Having considered the position more fully (and being in the office rather than stuck in traffic on a Bank Holiday Friday but getting bored because everyone else has gone home!)……

I think that because this is a solvent, rather than insolvent, estate that Section 47 means that the debt attaches to the property solely. The residue is untouched. I think it would be different if the estate was insolvent.

Mary is the executor. Her function and obligation is to deal with the estate – part of which involves paying off the deceased’s debts.

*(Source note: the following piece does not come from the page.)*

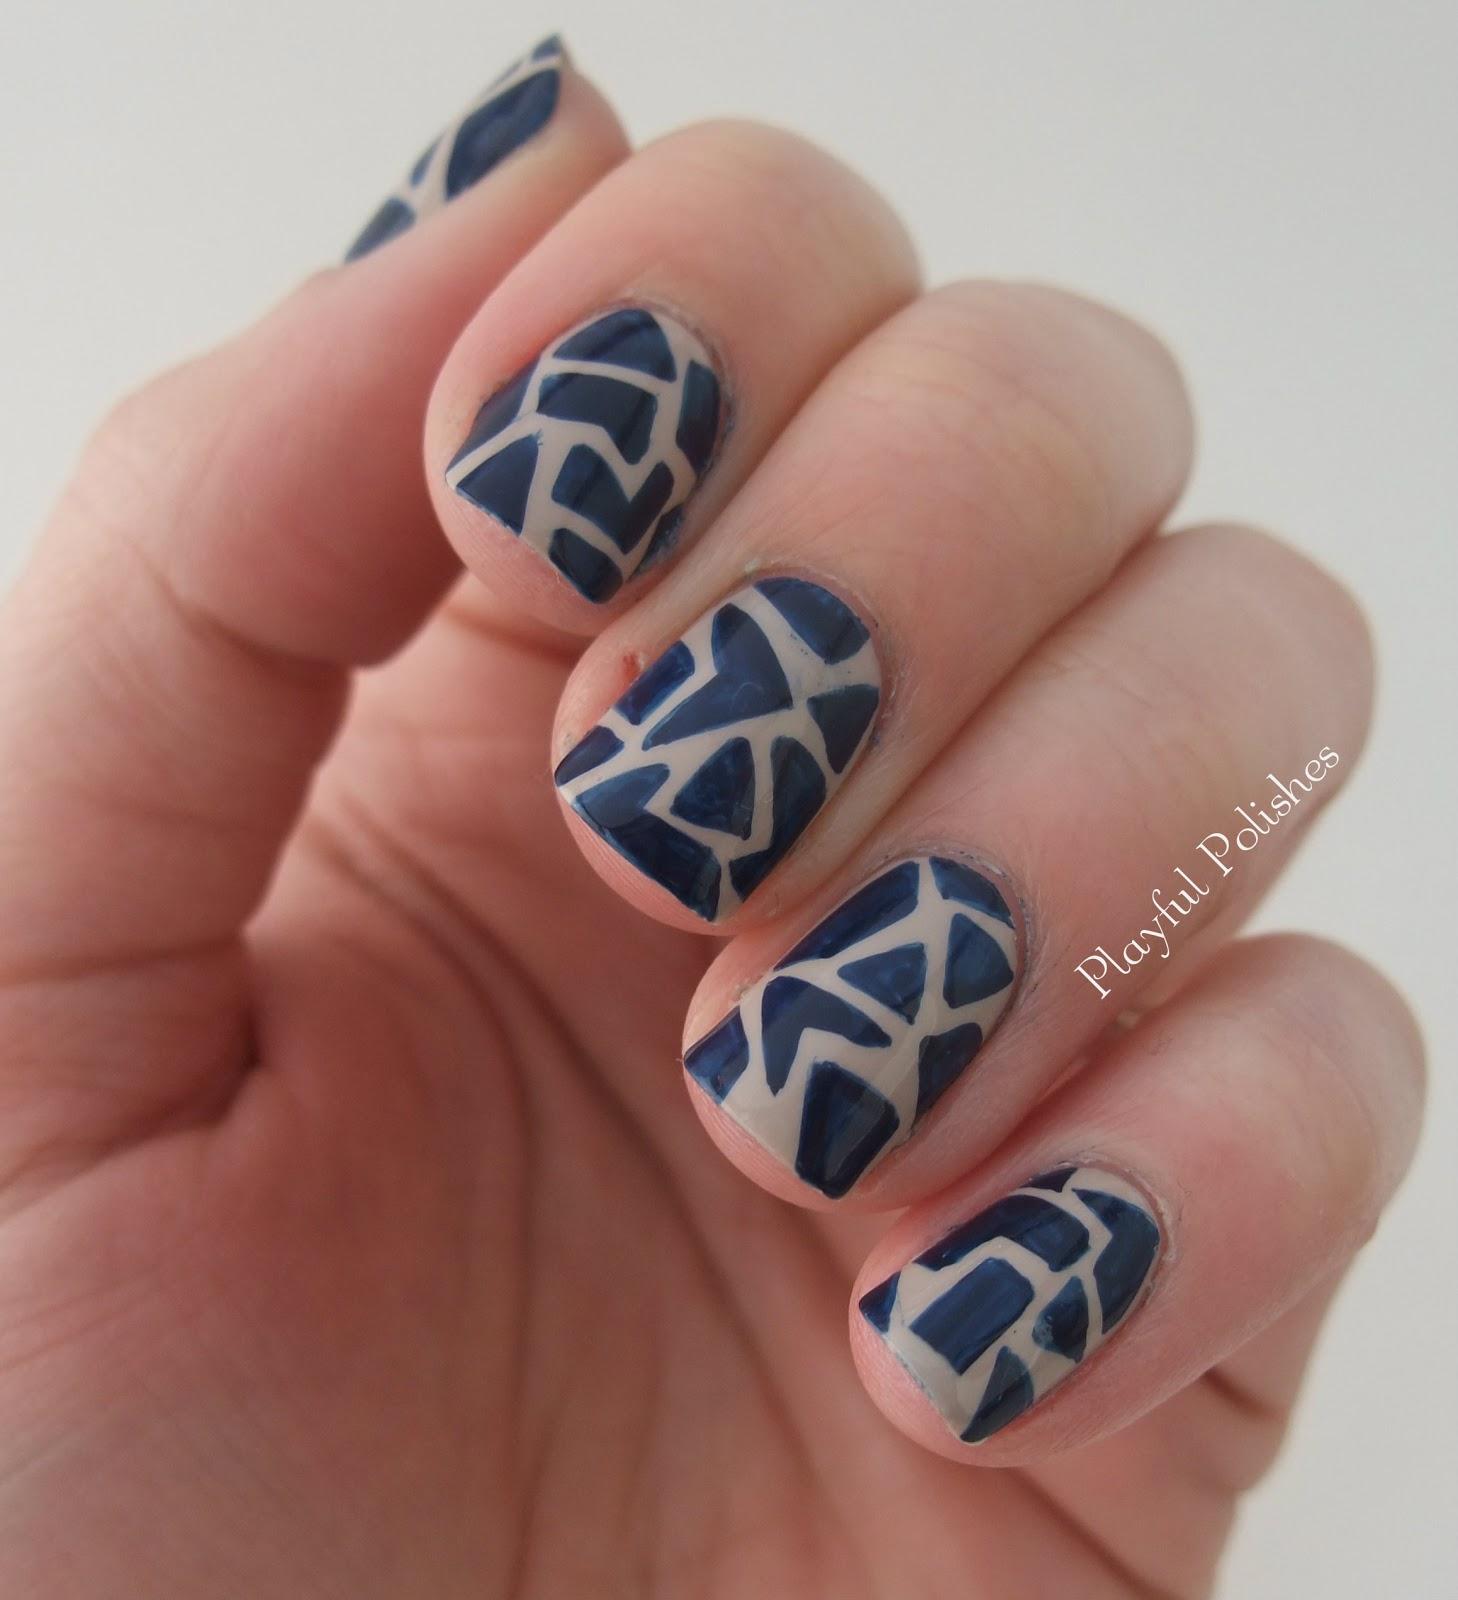 Nail Art February Challenge: Playful Polishes: JANUARY NAIL ART CHALLENGE: DAY 13
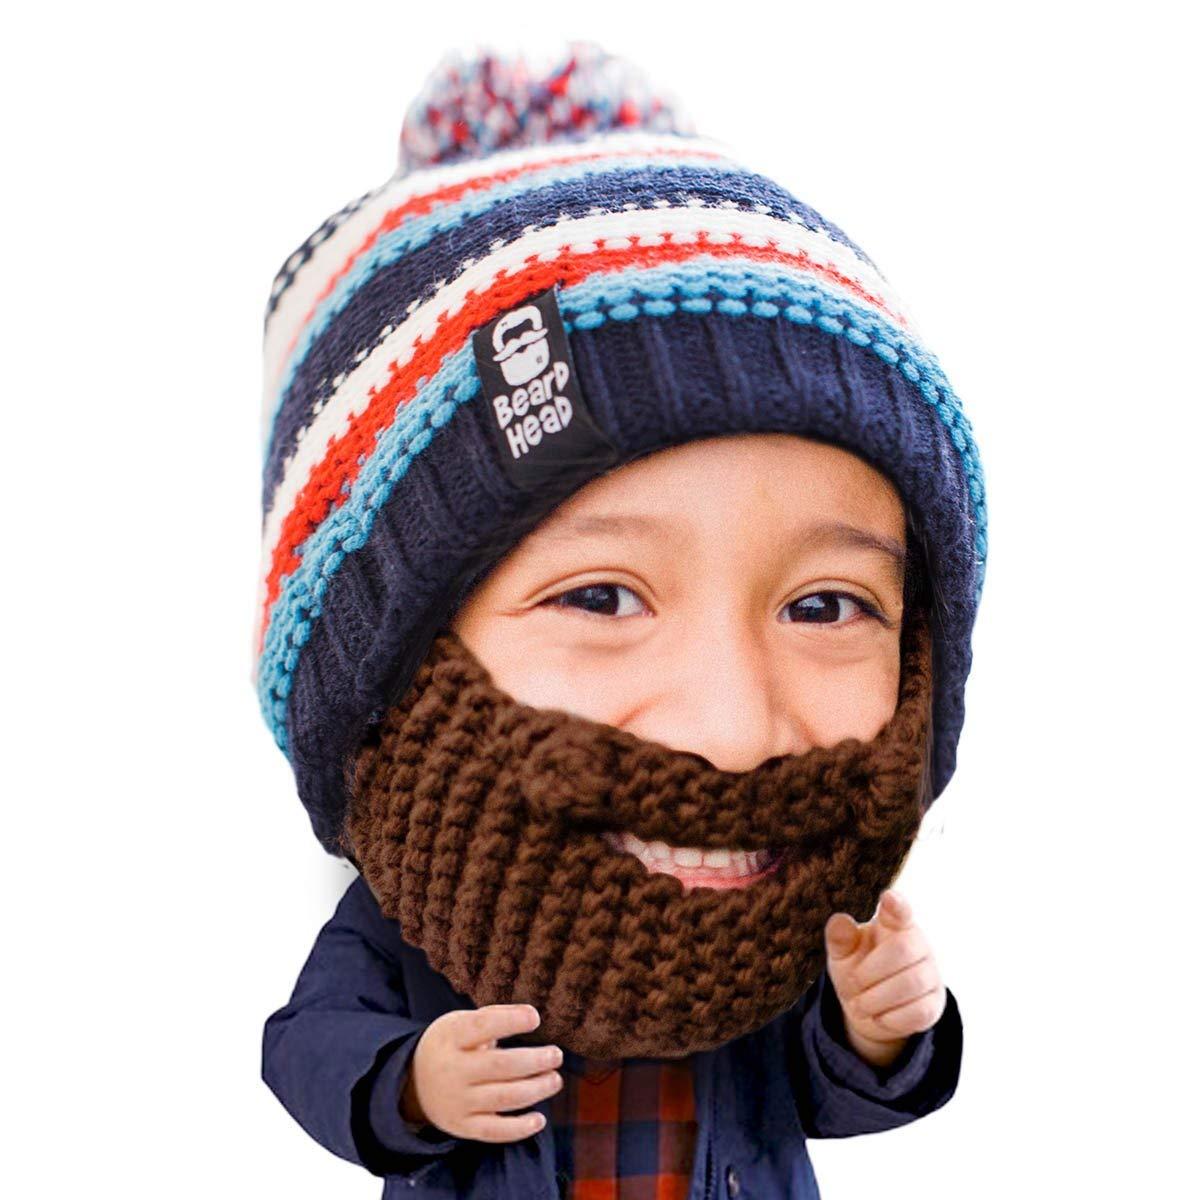 e1f622b90d1 Get Quotations · Beard Head Kid Gromm Beard Beanie - Knit Hat w Fake Beard  for Kids and

The mortgage debt essentially crystallised on the death of the mortgagor and the Bank are entitled to issue proceedings against Mary, as executor of the estate. The Statute of Limitations imposes a dead line of, I think, the two years that 44brendan refers to, within which the bank must bring proceedings or risk having the debt statute barred.  


Ideally, for Mary, the bank would agree to allow her to assume the responsibilities of the deceased under the mortgage, by formal deed and then they, the bank,  would not have a time pressure. Their contract would be with Mary. But because it is Danske and they want out, and they want to recover their funds, they very likely will issue proceedings against the estate. I think, not sure, that this would bring the matter into the Probate Court rather than repossession court so a lot less sympathy .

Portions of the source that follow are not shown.